PPACA 90-Day Waiting Period Requirements and Proposed Regulations

Original Article from United Benefit Advisors

By Lisa deFilippis

The Patient Protection and Affordable Care Act (“PPACA”) prohibits group health plans from requiring a waiting period of longer than 90 days following the date that the plan’s eligibility requirements are met. The Proposed Regulations on the 90-day waiting period were jointly issued by the Departments of Treasury, Labor, and Health and Human Services on March 18, 2013 (“Proposed Regulations”) http://www.gpo.gov/fdsys/pkg/FR-2013-03-21/pdf/2013-06454.pdf. The Proposed Regulations also clarify that due to PPACA’s prohibition on pre-existing condition exclusions effective for plan years beginning in 2014, group health plans will no longer be required to provide the Certificates of Creditable Coverage mandated under the Health Insurance Portability and Accountability Act (“HIPAA”) after December 31, 2014.

The Proposed Regulations state that the definition of waiting period used in the 2004 HIPAA regulations will continue to apply; therefore, waiting period means “the period that must pass before coverage for an employee or dependent who is otherwise eligible to enroll under the terms of a group health plan can become effective.”

The Proposed Regulations can be relied upon at least until the end of 2014.

What plans must comply?

All health insurance issuers and group health plans, including large and small groups, fully insured, self-insured, grandfathered and non- grandfathered.  In addition, the Proposed Regulations provide that where coverage under a group health plan is insured by an insurance issuer, the issuer may rely on eligibility information reported to it by the employer or other sponsor.

What is the 90-day waiting period requirement?

Employees and dependents who otherwise meet the plan’s eligibility rules under a group health plan cannot be required to wait for longer than 90 days before coverage becomes effective. The 90-day waiting period includes weekends and holidays, and the Proposed Regulations do not provide an exception for waiting periods of 3 months (which typically would exceed 90 days by 2-3 days).  In addition, the Proposed Regulations provide that if an employee’s 90-day period ends mid-month and the plan enrolls participants as of the first of the month, the waiting period must be adjusted so that it does not exceed 90 days (either by providing for mid-month enrollments, or a shorter waiting period).

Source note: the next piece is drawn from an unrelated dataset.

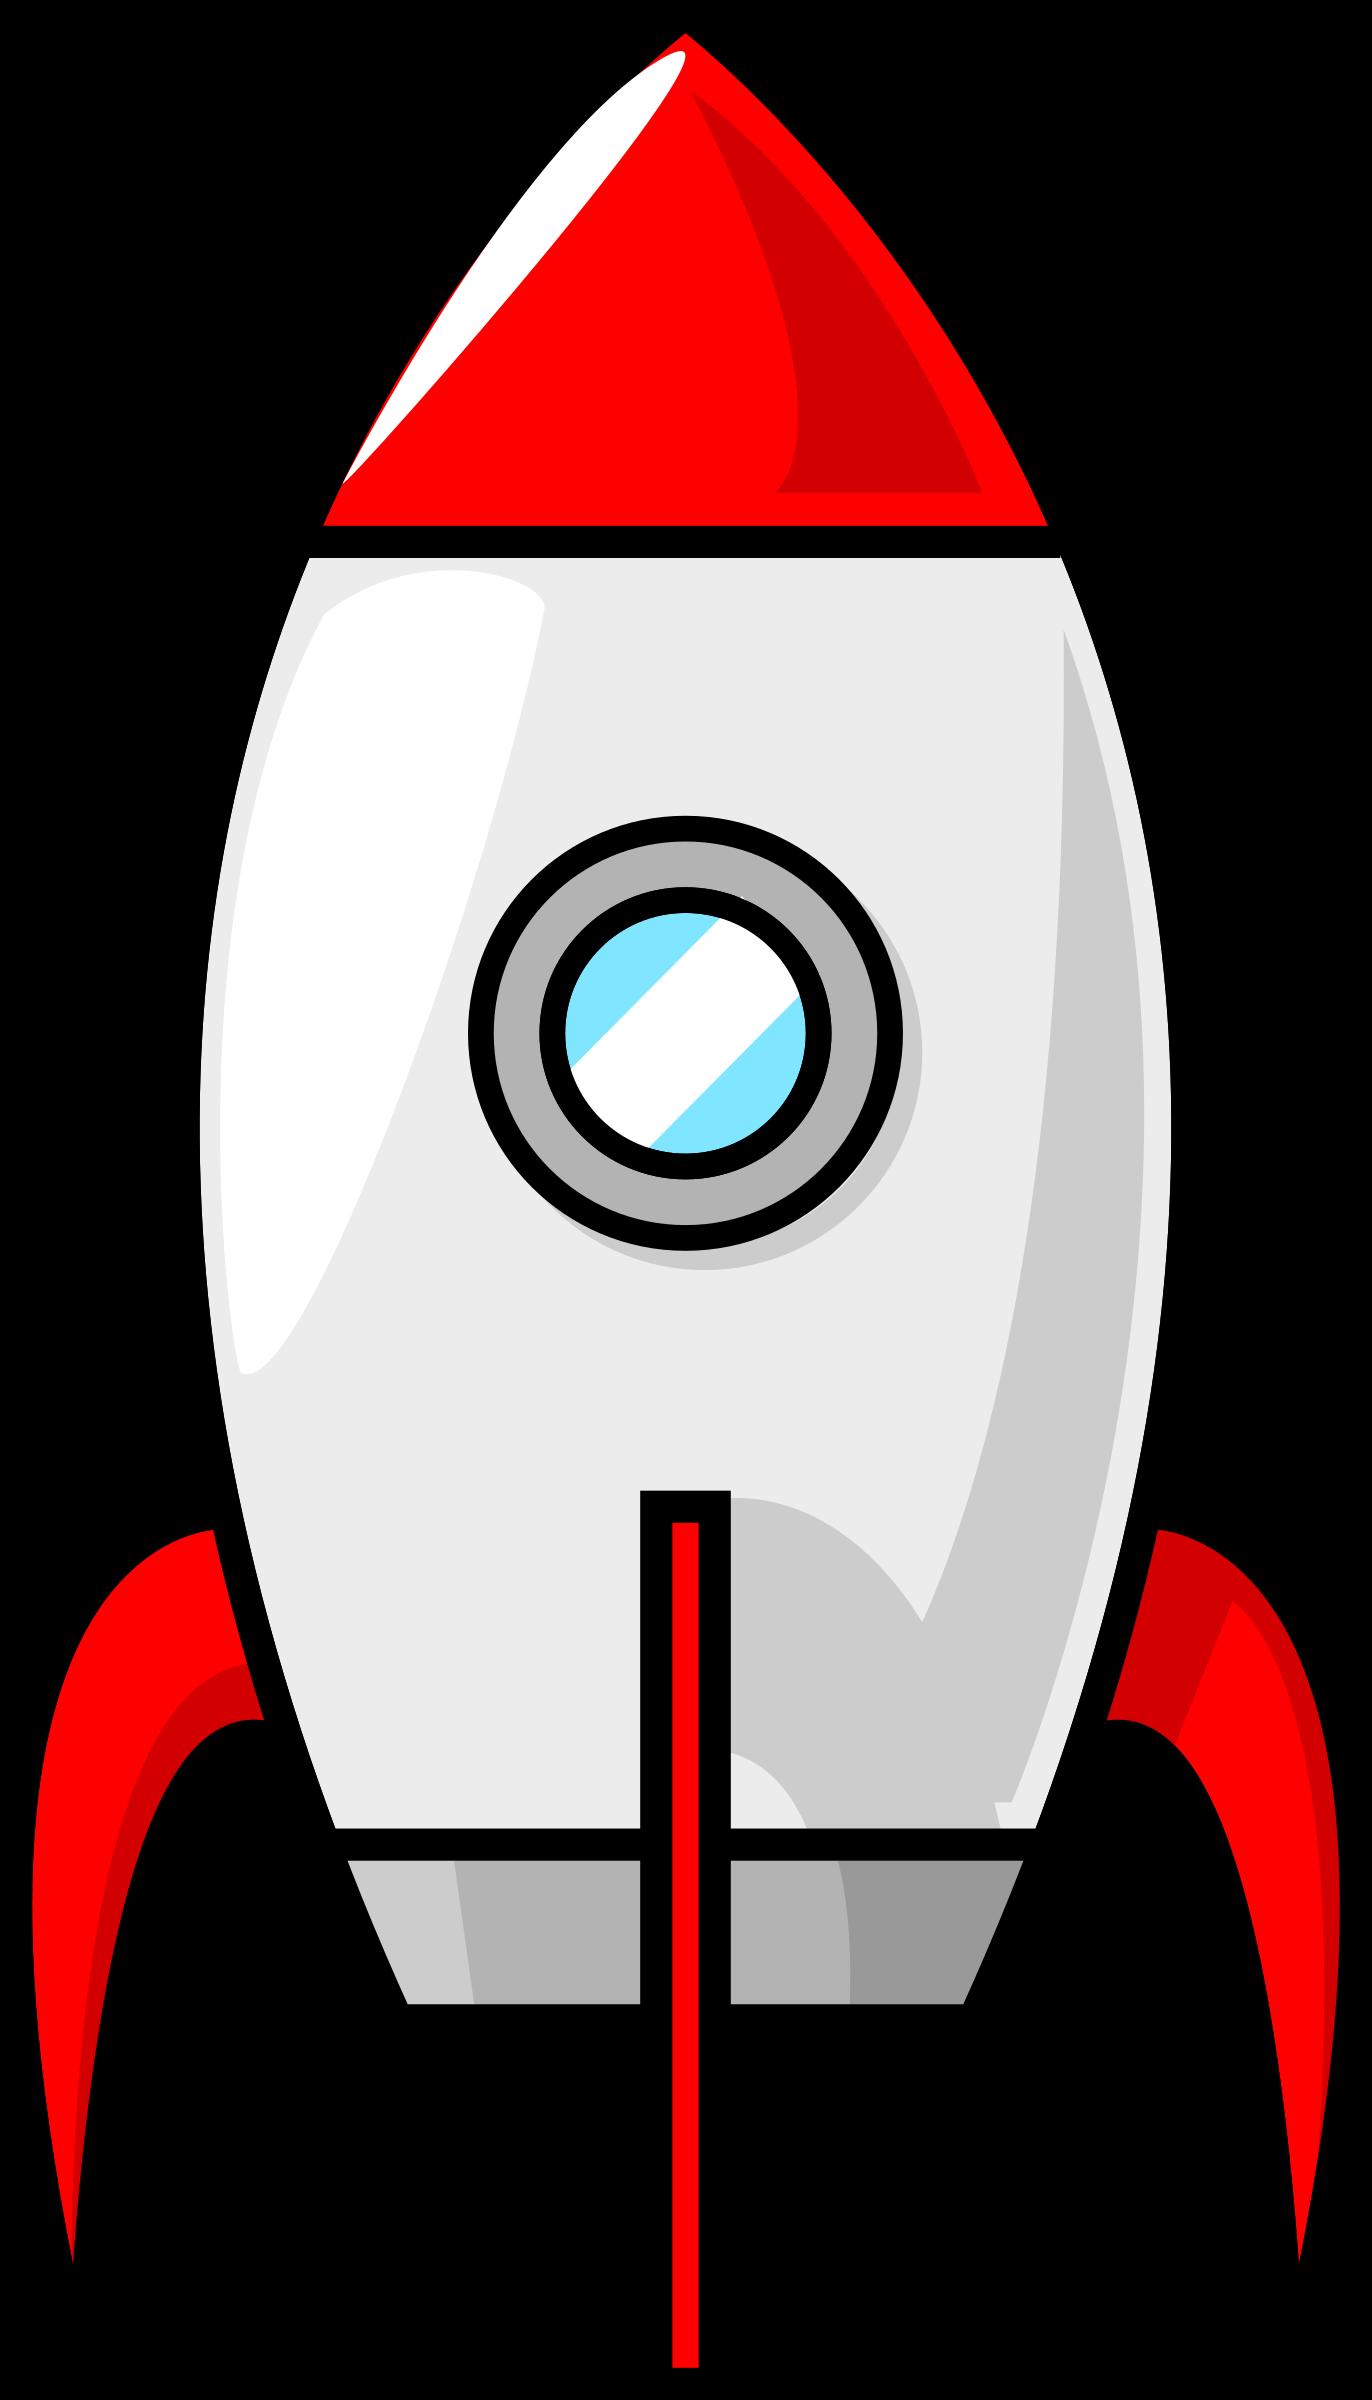 Cartoon spaceship clipart clipart royalty free download A cartoon moon rocket by purzen | Denim art | Rockets for kids ... clipart royalty free download

The 90-day waiting period requirement will not be violated if the employee does not complete enrollment within the 90-day waiting period, as long as coverage was made available during that period.

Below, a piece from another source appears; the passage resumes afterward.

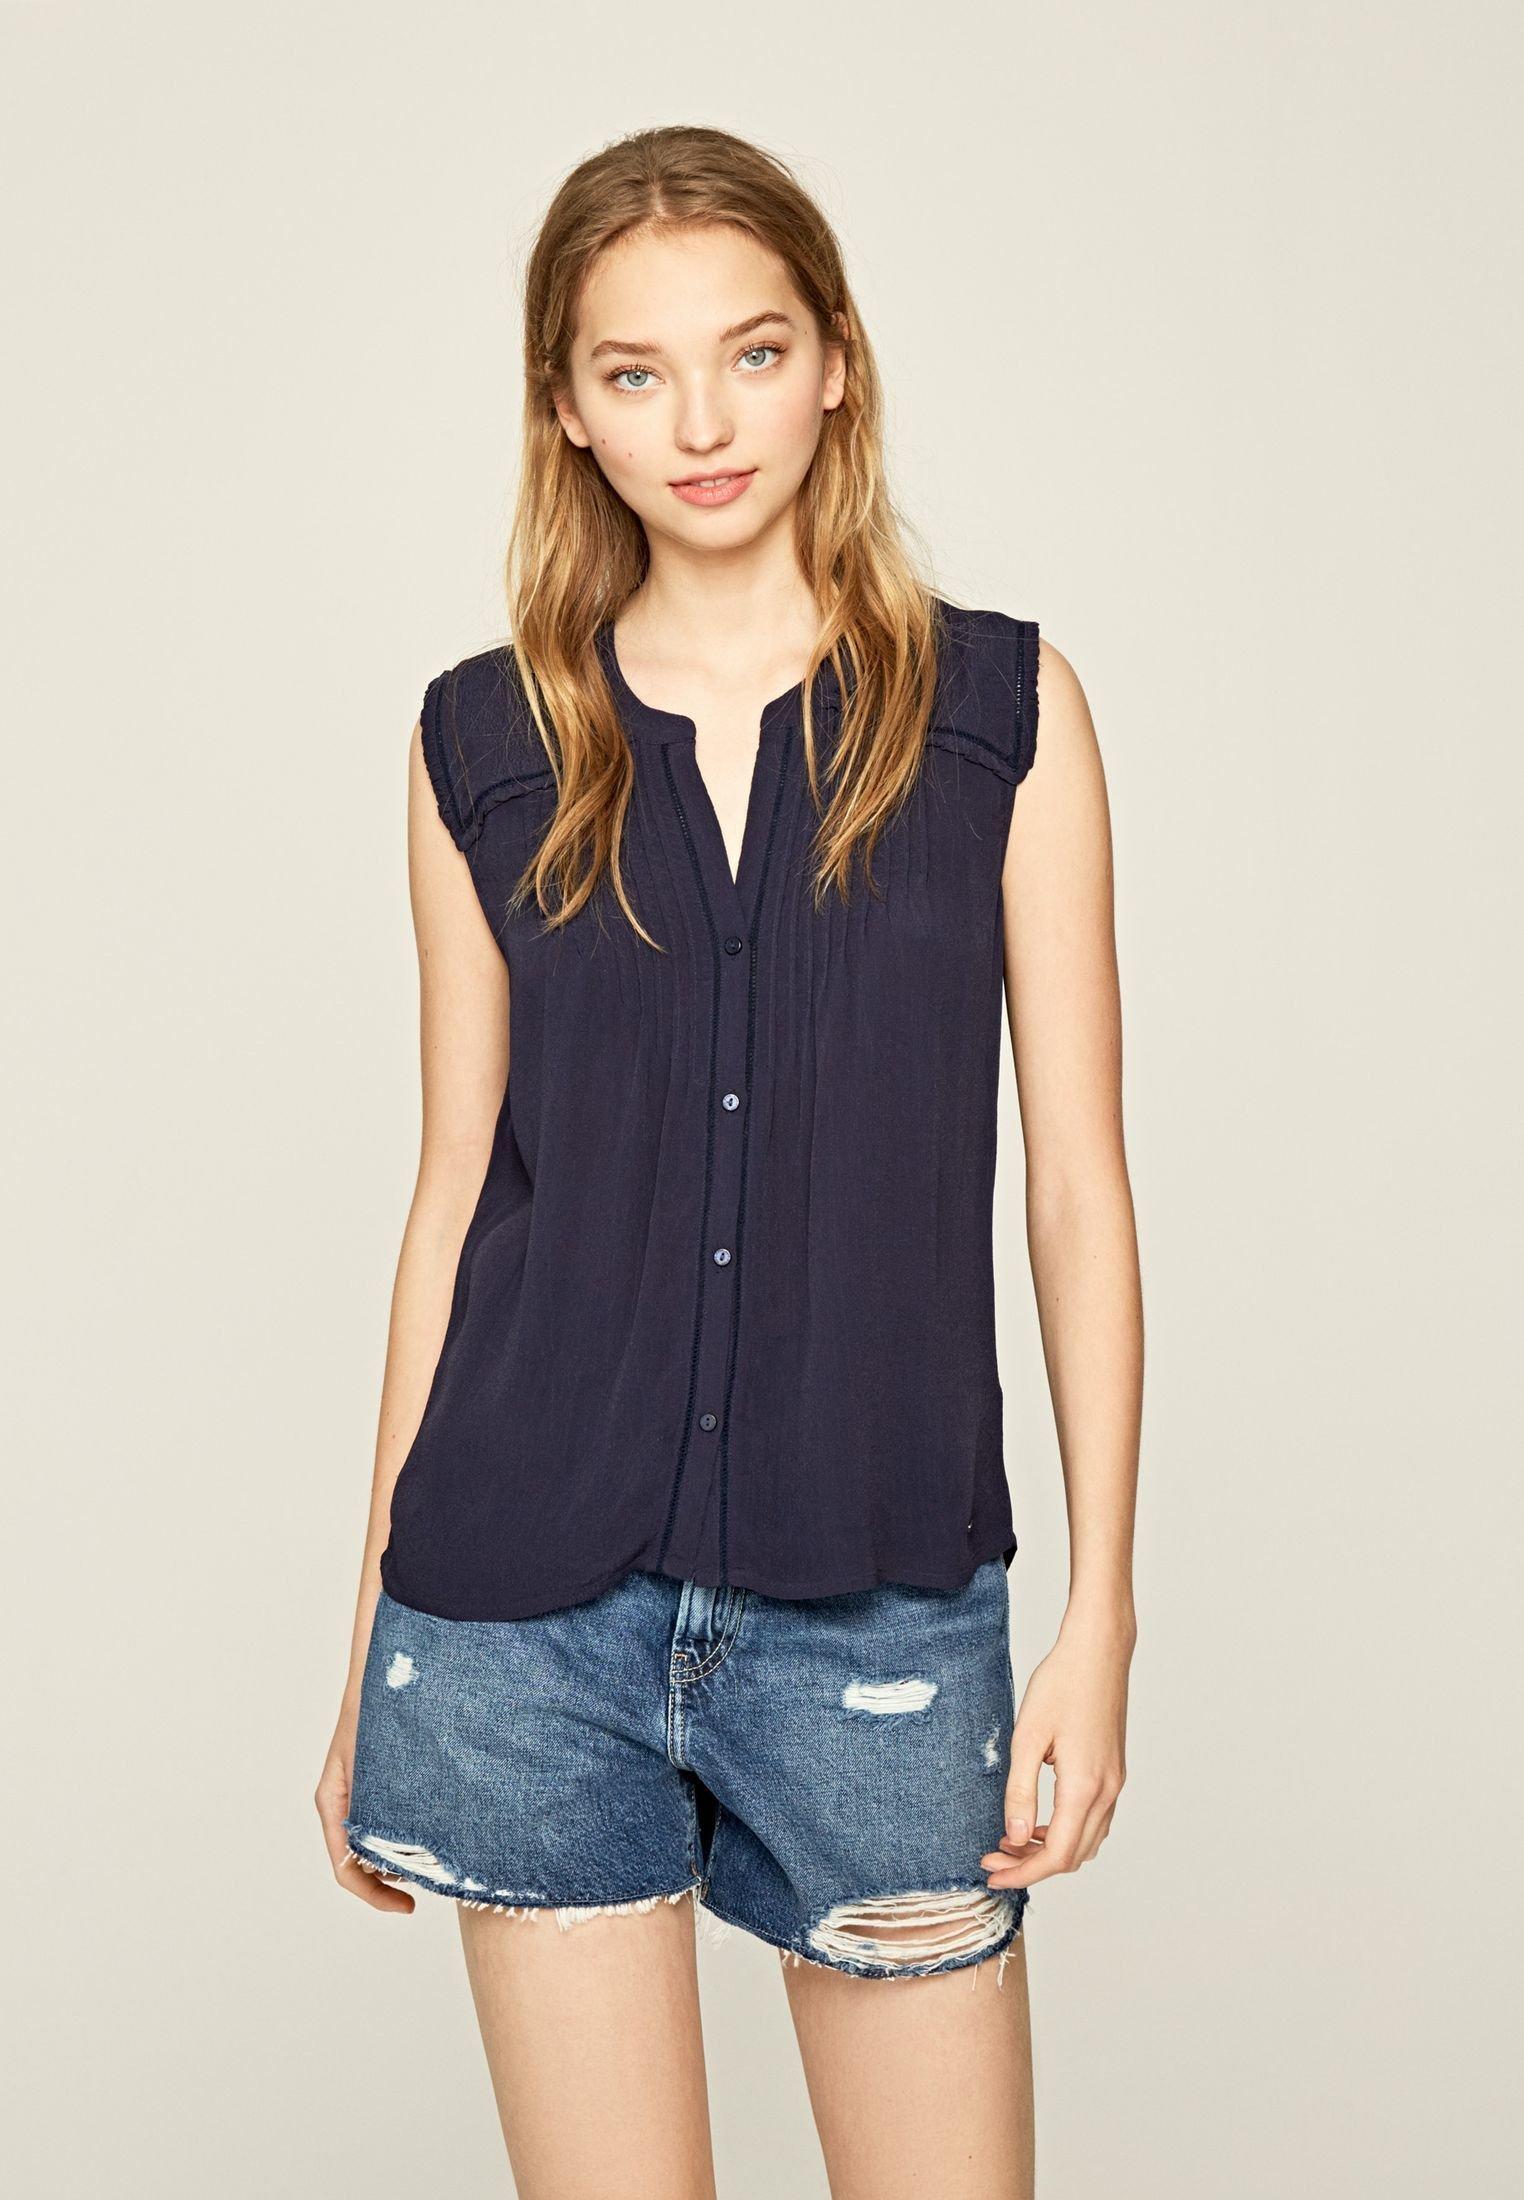 Pepe Jeans JOAN - Blouse - dark ozaen blue - Tops & T-shirts Femme 0VcaI

When is the 90-day requirement effective?

The 90-day waiting period requirement applies to all group health plans for plan years beginning on or after January 1, 2014. So, a non-calendar year plan has until the first day of the plan year in 2014 to comply.

Special rules and a trap for the unwary

Plans can continue to impose conditions that have the effect of delaying eligibility for health coverage as long as they are not designed to circumvent the 90-day requirement.  If the plan imposes eligibility conditions, the waiting period would not begin until the eligibility conditions are satisfied. For example, a plan can condition eligibility on completing training or licensure requirements, being in a particular job classification, or on working a certain number of hours in a period. The Proposed Regulations provide that plans conditioning eligibility on working full-time or a certain number of hours in a period may use a measurement period to determine whether an employee (including a variable hour or seasonal employee) meets eligibility requirements.

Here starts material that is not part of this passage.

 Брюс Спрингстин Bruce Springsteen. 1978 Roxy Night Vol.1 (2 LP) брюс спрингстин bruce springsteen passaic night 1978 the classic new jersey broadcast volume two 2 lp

Caution.  Employer plans that are subject to the employer shared responsibility mandate need to be aware that the 90-day waiting period Proposed Regulations provide more flexibility than the proposed regulations on employer shared responsibility.  Large employer plans must align both sets of rules to ensure that new employees who are expected to work over 30 hours per week are offered coverage under the employer’s plan within 3 months of their hire date.  A large employer could be in full compliance with the 90-day waiting period rule and still be subject to shared responsibility penalties if the group health plan conditioned eligibility on a job classification, or other eligibility condition, and a new full-time employee who did not meet the eligibility condition was not offered coverage within 3 months of his date of hire.

What are the penalties for failure to comply with 90-day waiting period requirement?

Group health plans that do not comply with the 90-day waiting period requirement face penalties of up to $100 per day per affected individual, in addition to potential penalties under ERISA and the PHSA.

What actions should be taken to comply with the proposed regulations?

1.  Review and amend plan documents and enrollment materials to ensure that the 90-day waiting period is not exceeded;

2.  For large employers, coordinate 90- day waiting period with employer shared responsibility rules;

3.  Effective December 31, 2014, discontinue process of providing Certificates of Creditable Coverage.